Ces derniers mois ont vu le retour en politique des références à la social-démocratie. Sa signification a cependant sensiblement évolué depuis la seconde moitié du XIXe siècle. Née d’une indignation face à l’ordre social, la social-démocratie s’est inscrite dans le dernier tiers du XXe siècle au rang des gestionnaires de la mondialisation capitaliste.
A mesure que nombre de partis socialistes revendiquaient leur capacité à intégrer les contraintes budgétaires de l’Etat et à exercer durablement le pouvoir, la référence à la social-démocratie s’est moins située sur un plan doctrinal que stratégique. Ainsi se réduit-elle souvent aujourd’hui à invoquer une « gauche de gouvernement » face à une gauche « de rupture », décrite comme sectaire et dangereuse – quitte à faire abstraction de ses propres inclinations néolibérales.
Le retour de cette référence a cependant le mérite de faire remarquer une absence : alors que les partis sociaux-démocrates ont historiquement été une émanation du mouvement ouvrier et que souvent les syndicats et les mouvements sociaux en ont été des alliés objectifs, la question des rapports de la gauche à la société et des formes d’organisation pour les permettre n’est que rarement posée.
Des partis repliés sur eux-mêmes
« France des bourgs » contre « France des tours », dialogue avec le nouveau gouvernement ou censure, destitution d’Emmanuel Macron… la rentrée politique n’a pas été avare, à gauche, de débats stratégiques. Cette même gauche se révèle cependant moins diserte quant à ses propres formes d’organisation. De même, si l’appel incantatoire à « produire des idées » est une figure rituelle du commentaire politique, la capacité des partis à faire vivre ces idées, à les capter ou à les porter est peu interrogée. Il est admis que les partis se chargent de faire apparaître aux groupes sociaux leurs intérêts communs. Cependant, la question relative au moyen de s’adresser à ces groupes – de se rendre visible à eux, de les concerner et de leur témoigner de ce qu’un engagement de gauche peut signifier – paraît tristement secondaire.

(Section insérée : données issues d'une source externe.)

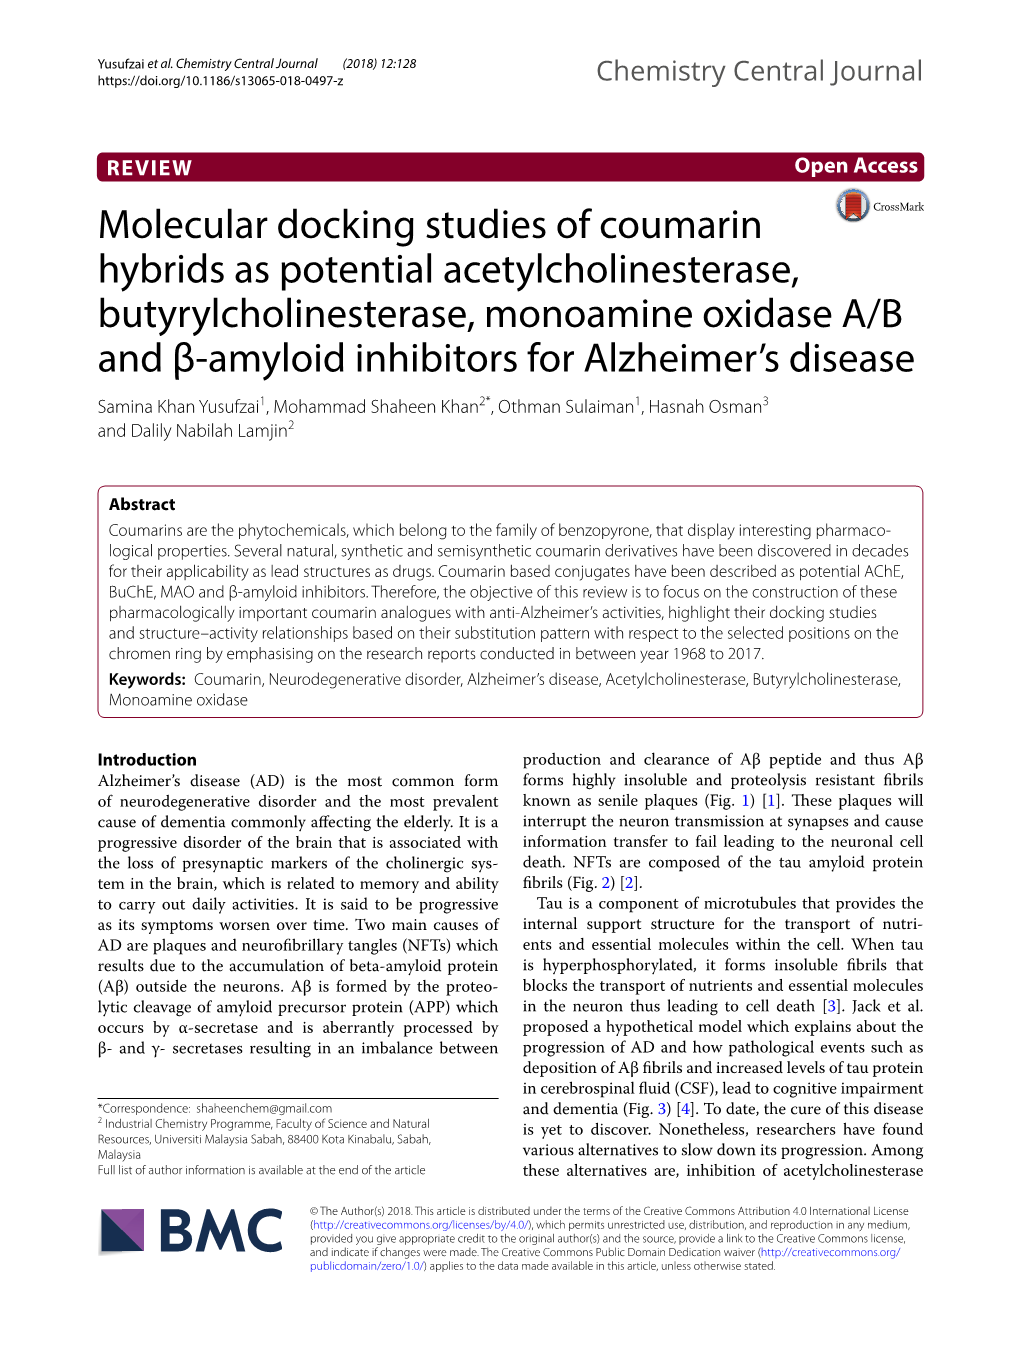 Molecular Docking Studies of Coumarin Hybrids As Potential Acetylcholinesterase, Butyrylcholinesterase, Monoamine Oxidase A/B An

Pourtant, en politique les questions sont souvent plus importantes que les réponses. Or, les travaux de science politique s’accordent pour donner une image guère reluisante des partis, à laquelle la gauche n’échappe pas. Ils inspirent une forte défiance dans l’opinion et sont décrits comme des entre-soi professionnalisés et repliés sur eux-mêmes, où se côtoient élus, collaborateurs d’élus et aspirants à l’élection, selon des normes qui leur sont propres.